Pues si, estas cosas no suelen variar demasiado de modelo en modelo (creo). Pero se me ocurre que es porque a las bobinas de deflexión vertical les llega menos tensión de la necesaria.
Como siempre, antes de tocar nada asegúrate de descargar el tubo, pues estos almacenan alta tensión por meses desde la última vez de encendidos. Si no sabes como puedes buscarlo en Google.


----------



## Lautaro88 (Dic 26, 2009)

electrodan dijo:


> Pues si, estas cosas no suelen variar demasiado de modelo en modelo (creo). Pero se me ocurre que es porque a las bobinas de deflexión vertical les llega menos tensión de la necesaria.
> Como siempre, antes de tocar nada asegúrate de descargar el tubo, pues estos almacenan alta tensión por meses desde la última vez de encendidos. Si no sabes como puedes buscarlo en Google.



Eso que dice Electrodan es sumamente importante, no solo fijate si le llega menos tension sino que pueden ser que se te halla quemado, ya que depende del modelo de tele el vertical puede ser un integrado o 2 transistores, fijate bien eso!!!....

Saludos! y Suerte!


----------



## inspcv00 (Dic 26, 2009)

Lautaro88 dijo:


> Eso que dice Electrodan es sumamente importante, no solo fijate si le llega menos tension sino que pueden ser que se te halla quemado, ya que depende del modelo de tele el vertical puede ser un integrado o 2 transistores, fijate bien eso!!!....
> 
> Saludos! y Suerte!



¿Hay alguna manera de saber dónde va la regulación del vertical en la placa sin tener los esquemas? Gracias tíos y felices fiestas.


----------



## anx (Dic 26, 2009)

tube una averia parecida hace poco, se habia encojido la imagen por arriba, era un tv grunding si no recuerdo mal. La solucion fue una resistencia que se habia aumentado de valor en la parte de vertical.
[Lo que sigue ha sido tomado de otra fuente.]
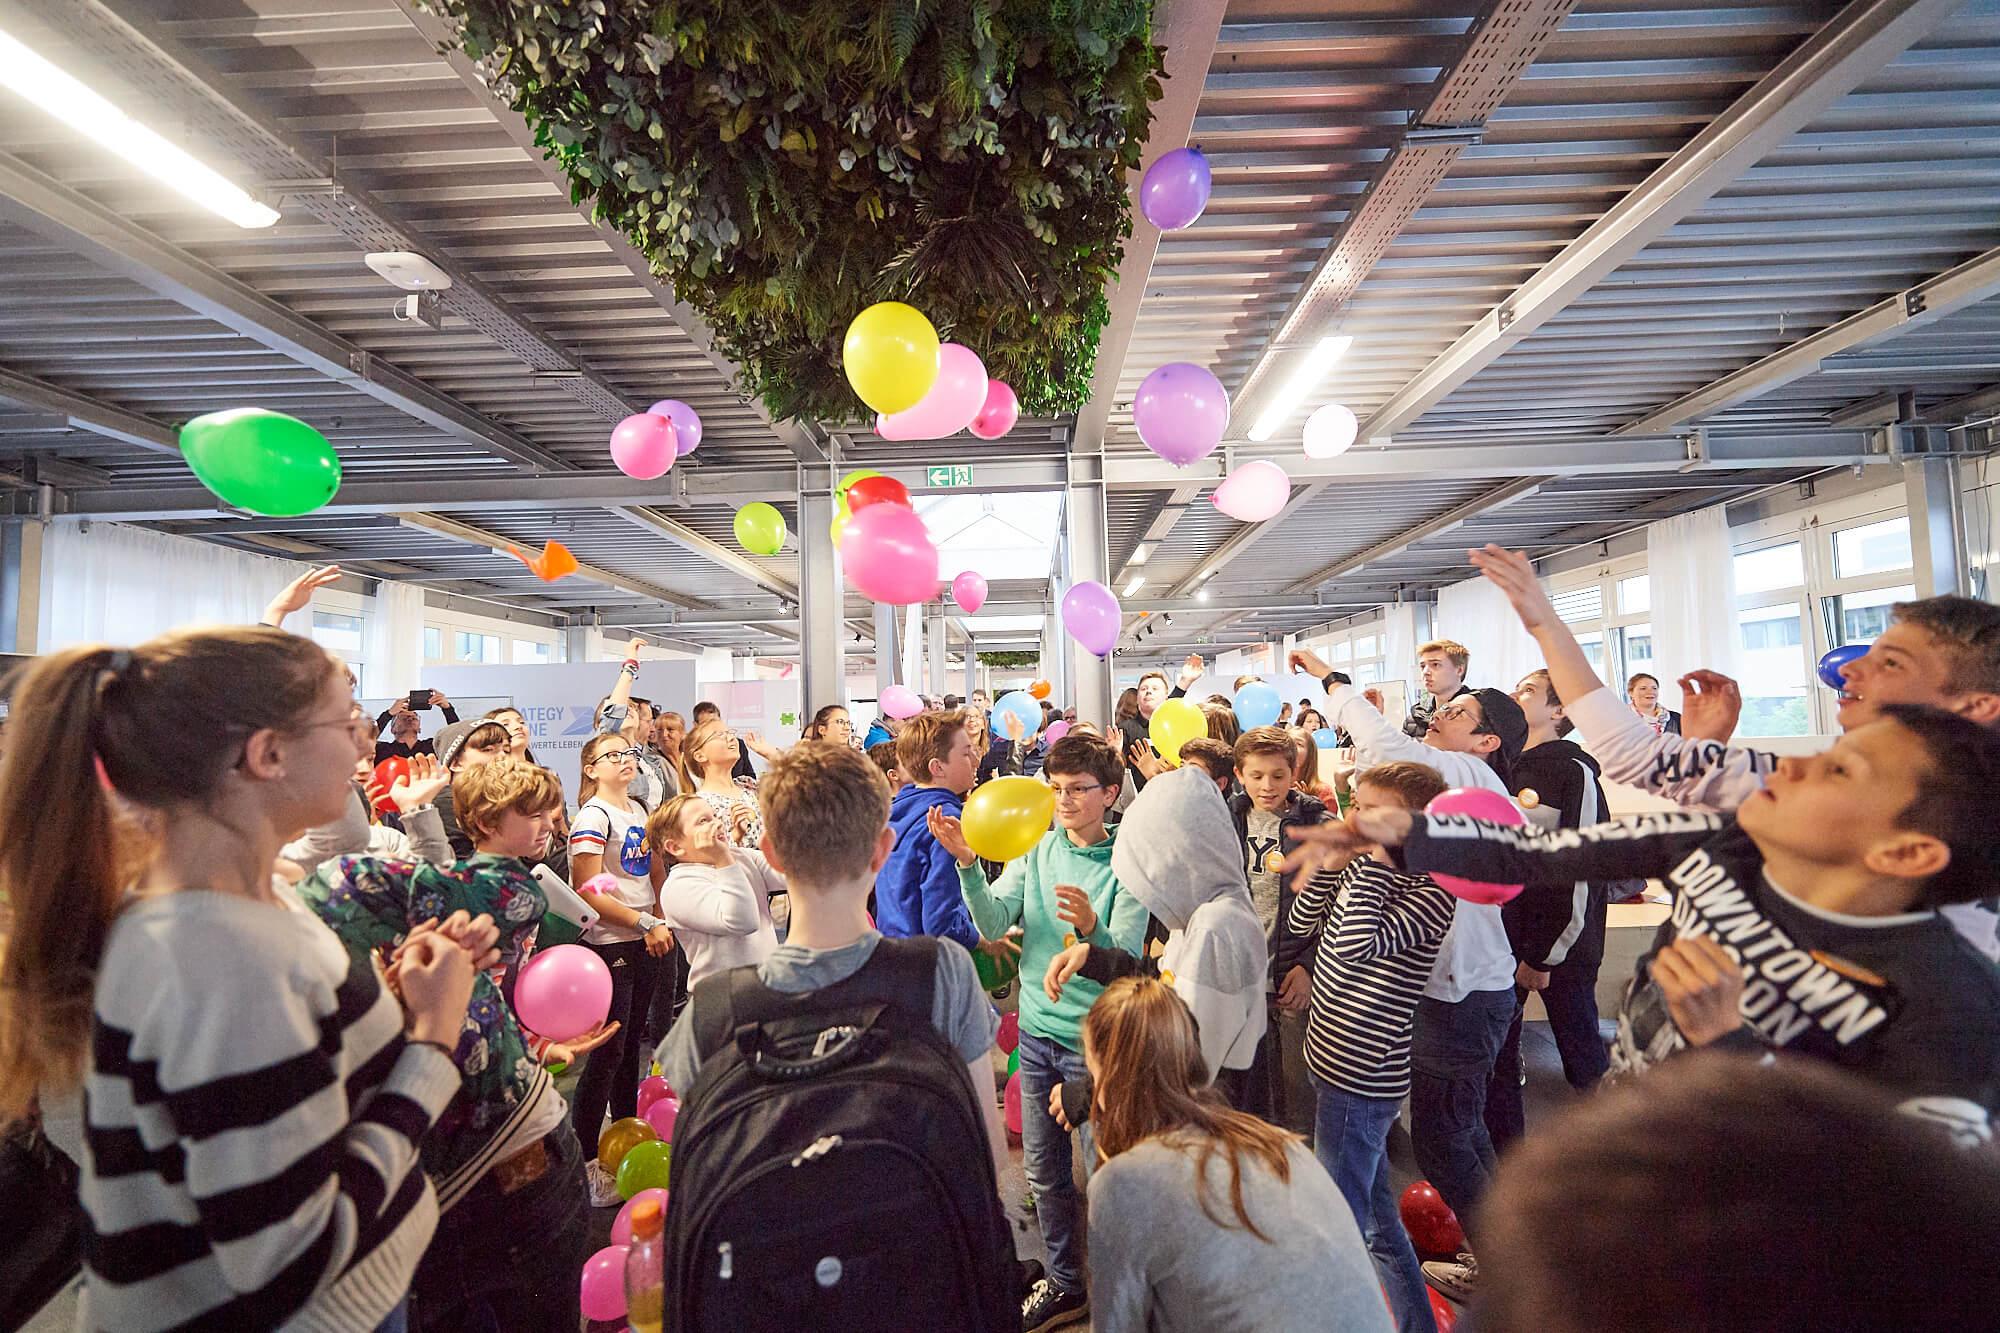 Viele Kinder und Jugendliche schlagen gemeinsam viele bunte Luftballons durch die Luft
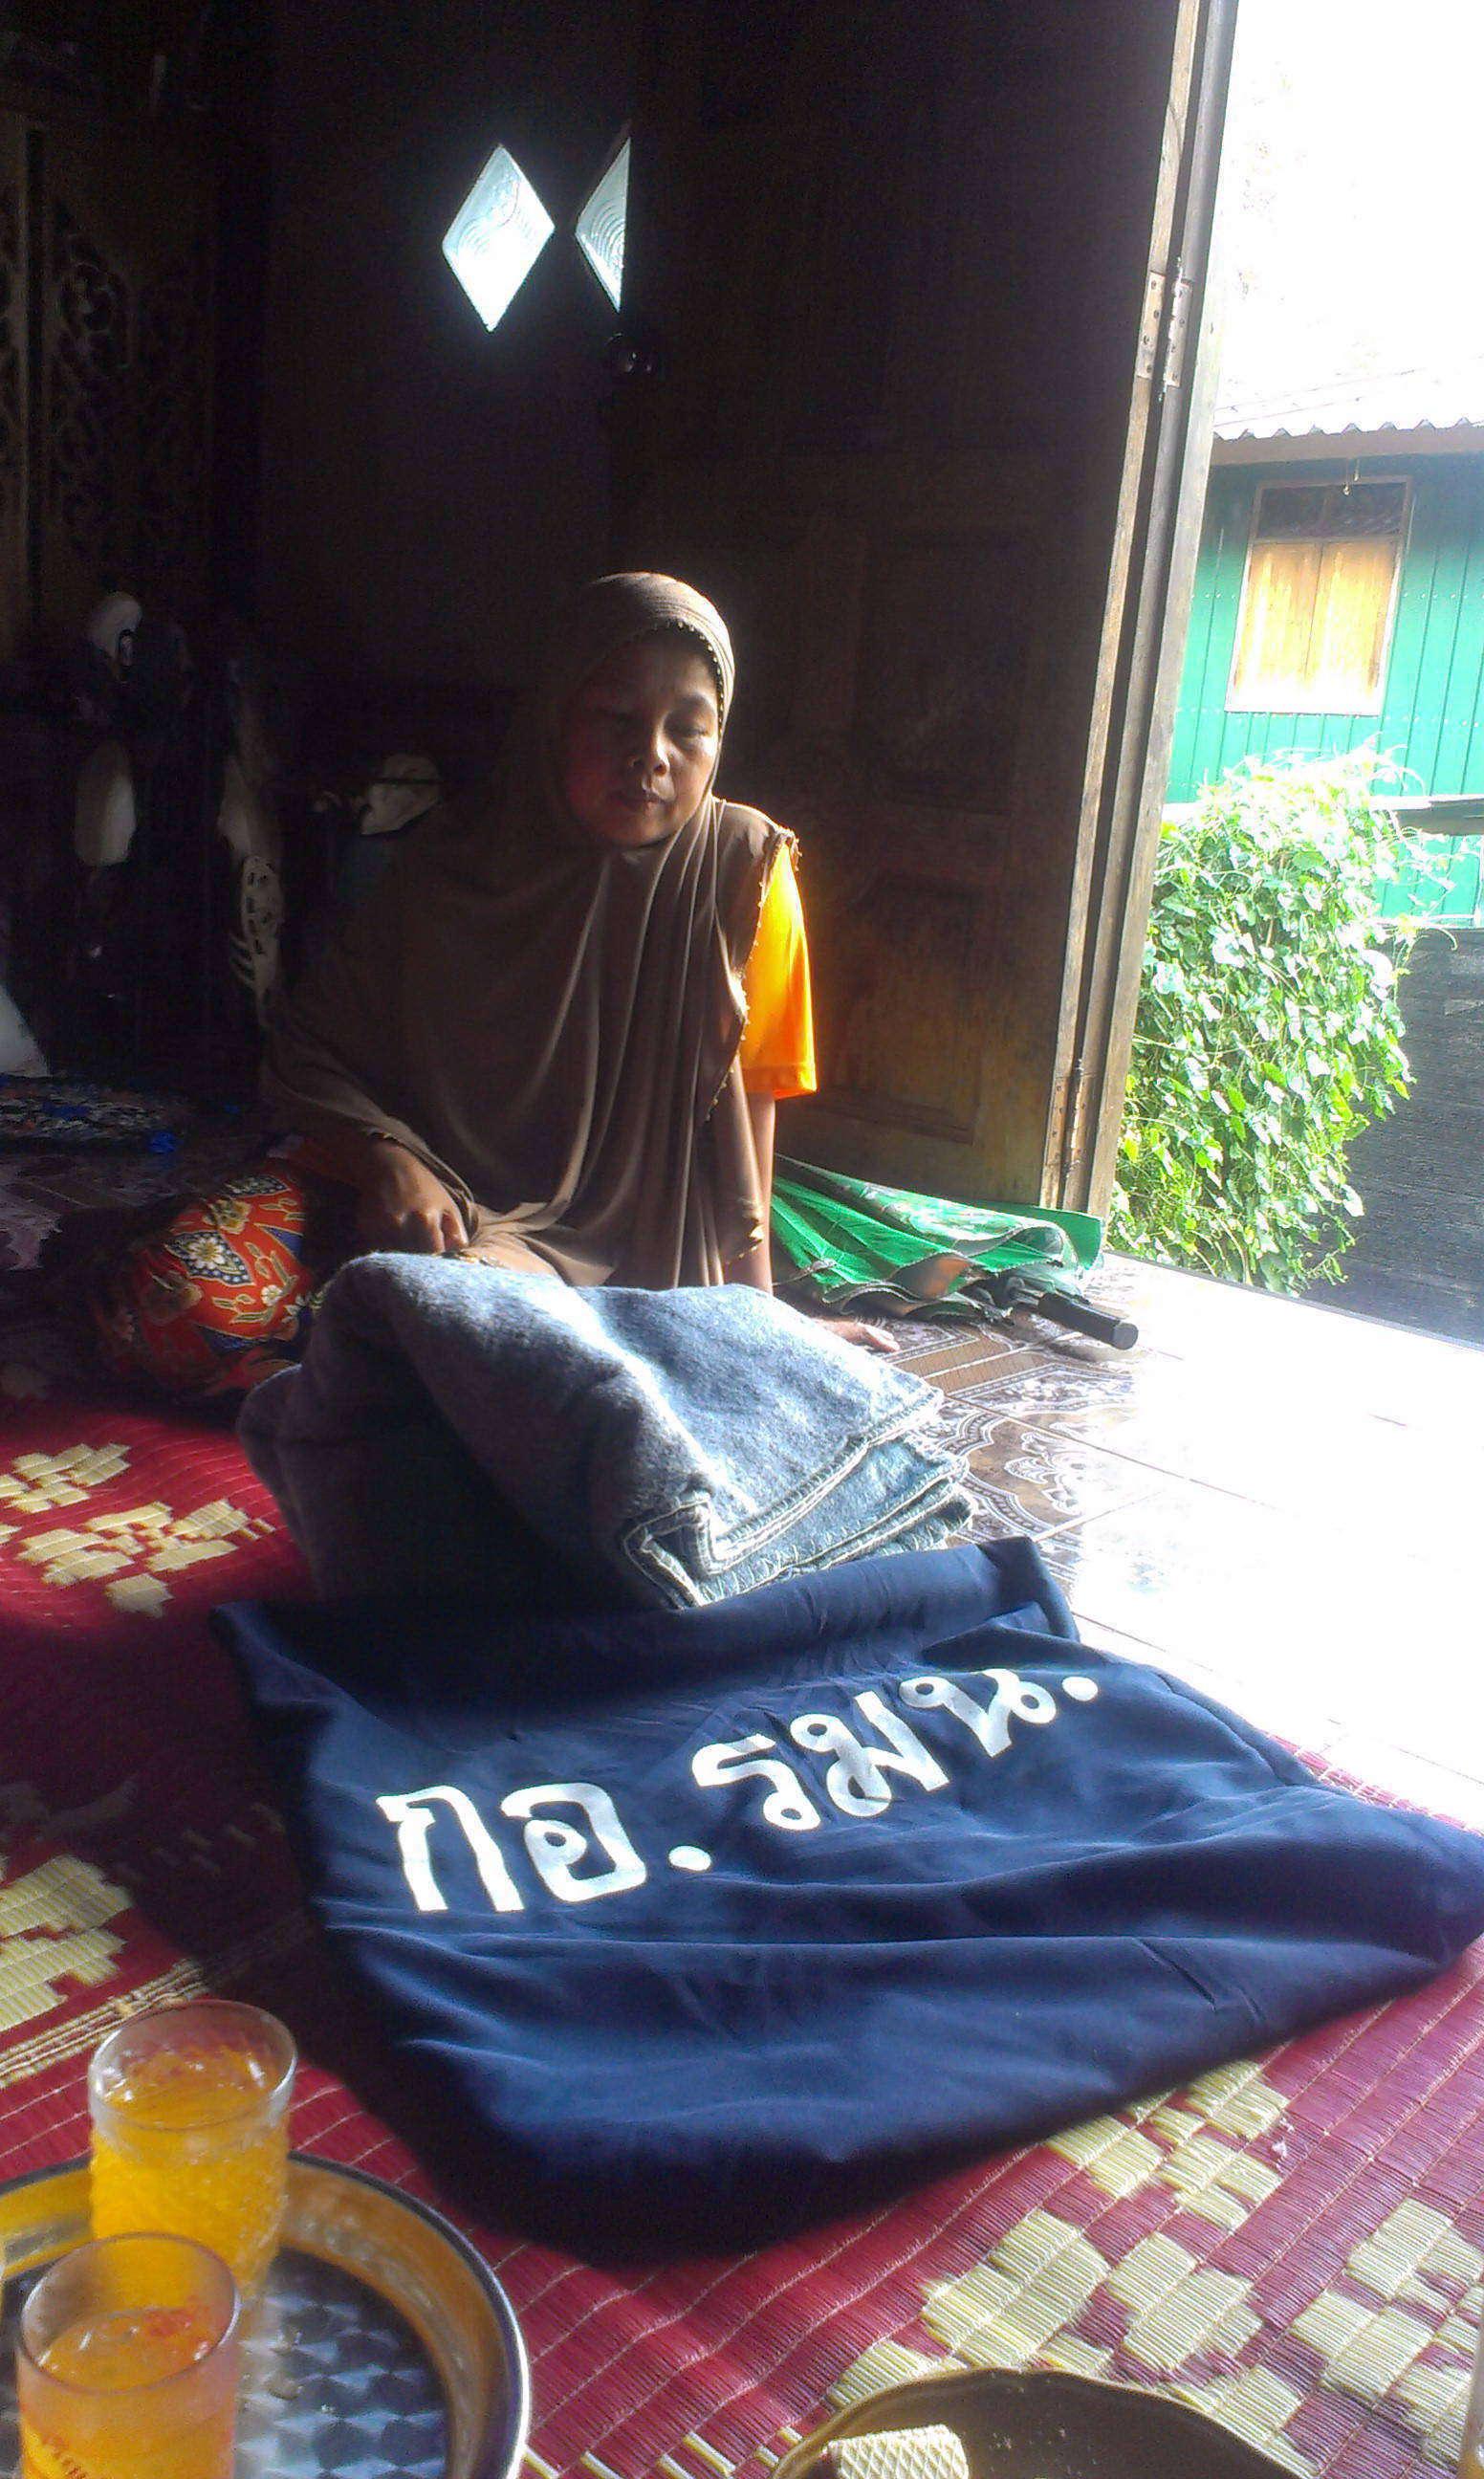 ญาติของผู้เสียชีวิตจากเหตุวิสามัญห้าศพในอ.กรงปินัง จ.ยะลาได้รับถุงยังชีพจาก กอ.รมน.

La sustitui y a funcionar.


----------



## inspcv00 (Dic 28, 2009)

anx dijo:


> tube una averia parecida hace poco, se habia encojido la imagen por arriba, era un tv grunding si no recuerdo mal. La solucion fue una resistencia que se habia aumentado de valor en la parte de vertical. La sustitui y a funcionar.



Gracias, espero comprobarlo pronto.


----------



## xtumama (Dic 18, 2010)

anx dijo:


> tube una averia parecida hace poco, se habia encojido la imagen por arriba, era un tv grunding si no recuerdo mal. La solucion fue una resistencia que se habia aumentado de valor en la parte de vertical. La sustitui y a funcionar.



hola que tal a mi me paso lo mismo eso de q se elevo la imagen....esa resistenci q cambiaste en q parte de la placa se allaba? y como savias cual era su valor original ?saludos


----------